17. Perfect Sense (Parts 1 & 2) – This is my favorite of Roger’s solo material. It starts off with the “Stop Dave”s and Jon Carin’s beautiful piano intro. Roger isn’t playing in instrument during this one, just standing and acting out to the lyrics he sings. PP Arnold yet again blasts out a tremendous vocal solo. Part two starts, and we get the commentary yet again. The crowd goes wild when Roger walks around and sings with the audience. This is one of the greatest moments on the DVD

18. The Bravery Of Being Out Of Range – Another great solo song of Roger’s, and he is playing a red strat. I love the message this song gives. All those high ranking government officials sitting all safe while all the people under them are at war and dying.

19. It’s A Miracle – Jon Carin comes in with another piano intro. The crowd is swaying back and forth to the beautiful sound of the keys. Roger yet again isn’t brandishing an instrument. A great song performed perfectly. I particularly like the little guitar solo at the end.

20. Amused To Death – The song that the album was named after. It begins with Roger shining a flashlight into the audience, adding an interesting effect. Roger picks up his bass again and starts playing the song. It is played perfectly. Roger is very emotional during this song I have noticed. He is especially emotional when the man is talking in the background.

21. Brain Damage – I knew this song was coming. There never can be a concert without it. Andy is playing the lead guitar. Am I the only one to notice this, or does Roger throw his hands in the air and the bass can still be heard. It is probably just one of the keyboards. Besides that it is a very good rendition of the song.

22. Eclipse – The song played just as good as Brain Damage. A perfect song to close an album or even a concert for that matter. However this isn’t the end of the concert, we all know what’s next.

23. Comfortably Numb – Roger is surprisingly not playing bass on this, but a guitar. It got me hoping he might do a solo. This song is performed pretty well. My only beef (and mostly everyone else’s) is the ending guitar solo. They are performed pretty well, but it isn’t fluid. They switch from the strat to the Les Paul and the immense tone difference makes the solo very choppy. They should have at least made the tones similar so it sounded like one guitar.

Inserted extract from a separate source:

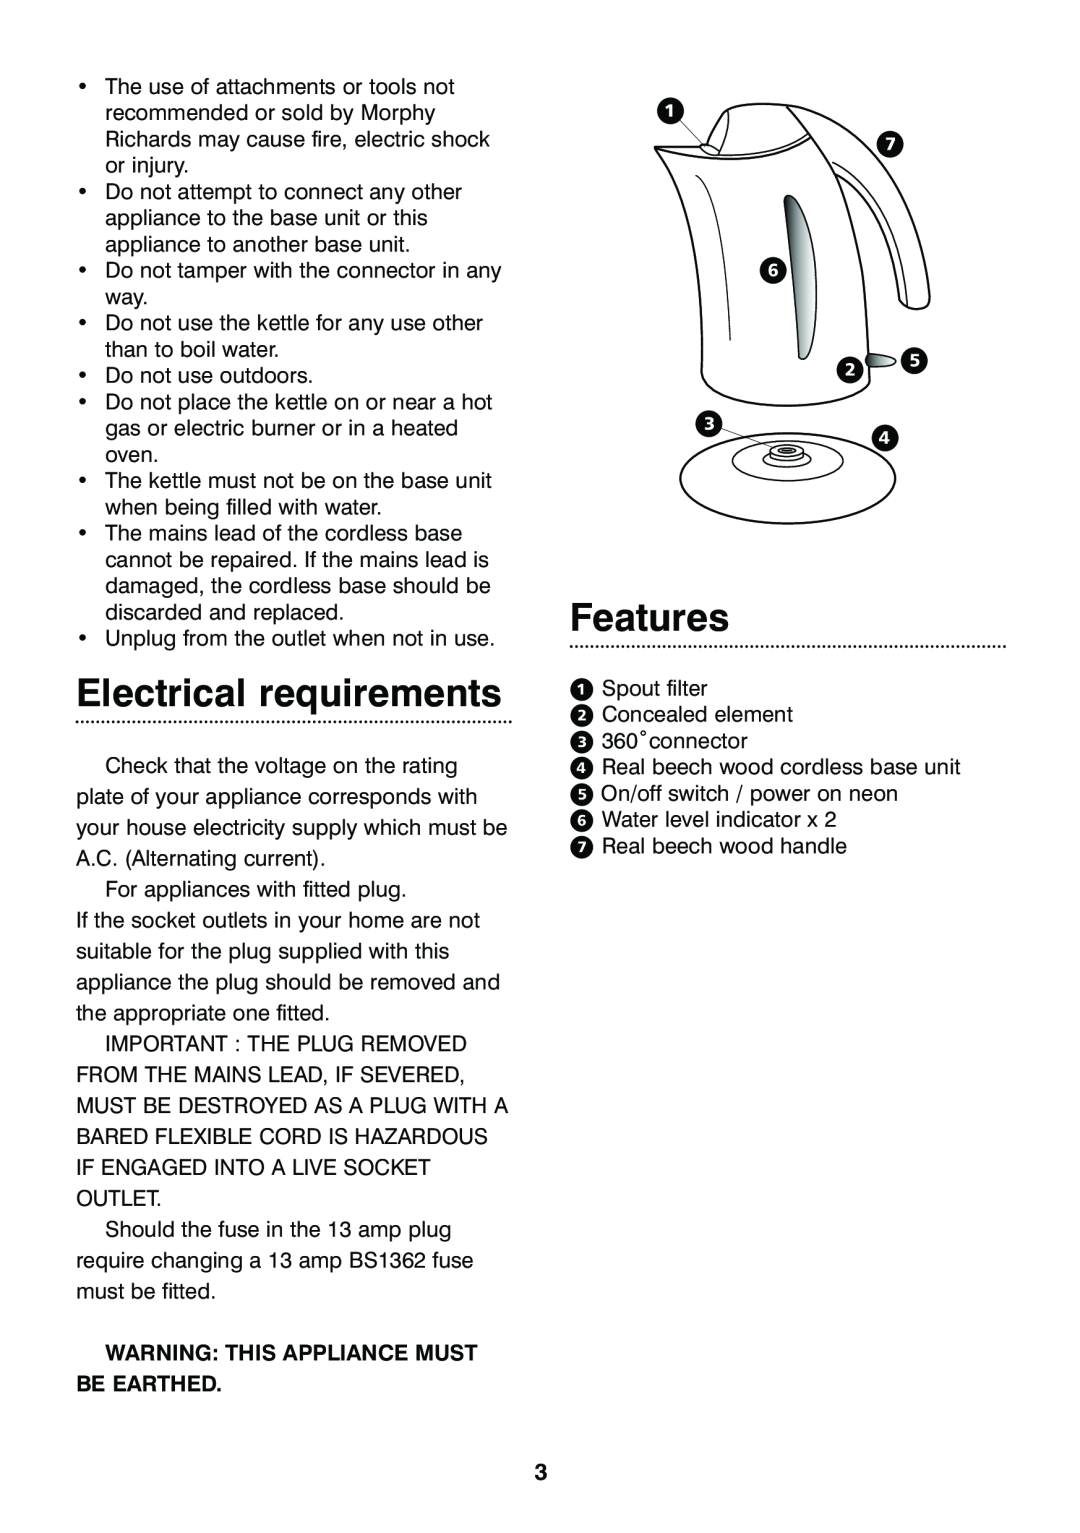 Morphy Richards Beech stainless steel kettle manual Electrical requirements, Features, ⁄ ‡ ﬂ ¤ﬁ ‹ ›

24. Each Small Candle – Roger introduces us to his new solo song. It is a little boring. It is very quiet, with the instruments turned pretty far down. The lyrics are creative however. Andy has a cool electric-acoustic guitar solo. At the end of the song Roger holds out his cigarette lighter and shows everyone the flickering flame. The concert was then over, they showed the band members in a little picture credits segment. Then they showed the band bowing and leaving the stage, leading into another set of credits.
I love the set list. It includes many songs from underrated Pink Floyd albums such as Animals and The Final Cut. The only cons in my opinion are that there could have been more solo songs and that there should have been way more bonus features then were available (a documentary on the tours preparation, a gallery of images, and band bios). When I buy a DVD I expect enough features to keep me occupied for a while after I watch the concert a few times. Those cons and the Comfortably Numb and Wish You Were Here disappointments are enough to make me push the rating down to eight.
// 8

Production Quality:

The DVD was recorded perfectly. The camera is on the right person at the right time, and shows everyone numerous times. The sound is perfect, it sounds like you are actually there. The solos, effects, and vocals were on the most part very good. The menus are easy to navigate. Only bad thing here is the unnecessary opening series of images, including a pic of a backstage pass.
// 9

Impression:

The most impressive thing about this DVD is the beautiful sound quality, which makes it sound like you are really there. I love Rogers’ energy on the stage; he always gets into his music and releases that energy into the audience. That’s what makes a Waters concert great and worth seeing! As I mentioned before what I don’t like about the DVD is that there aren’t that many features and I would have liked more Waters solo material in the setlist. Overall this is a great DVD and is definitely worth buying.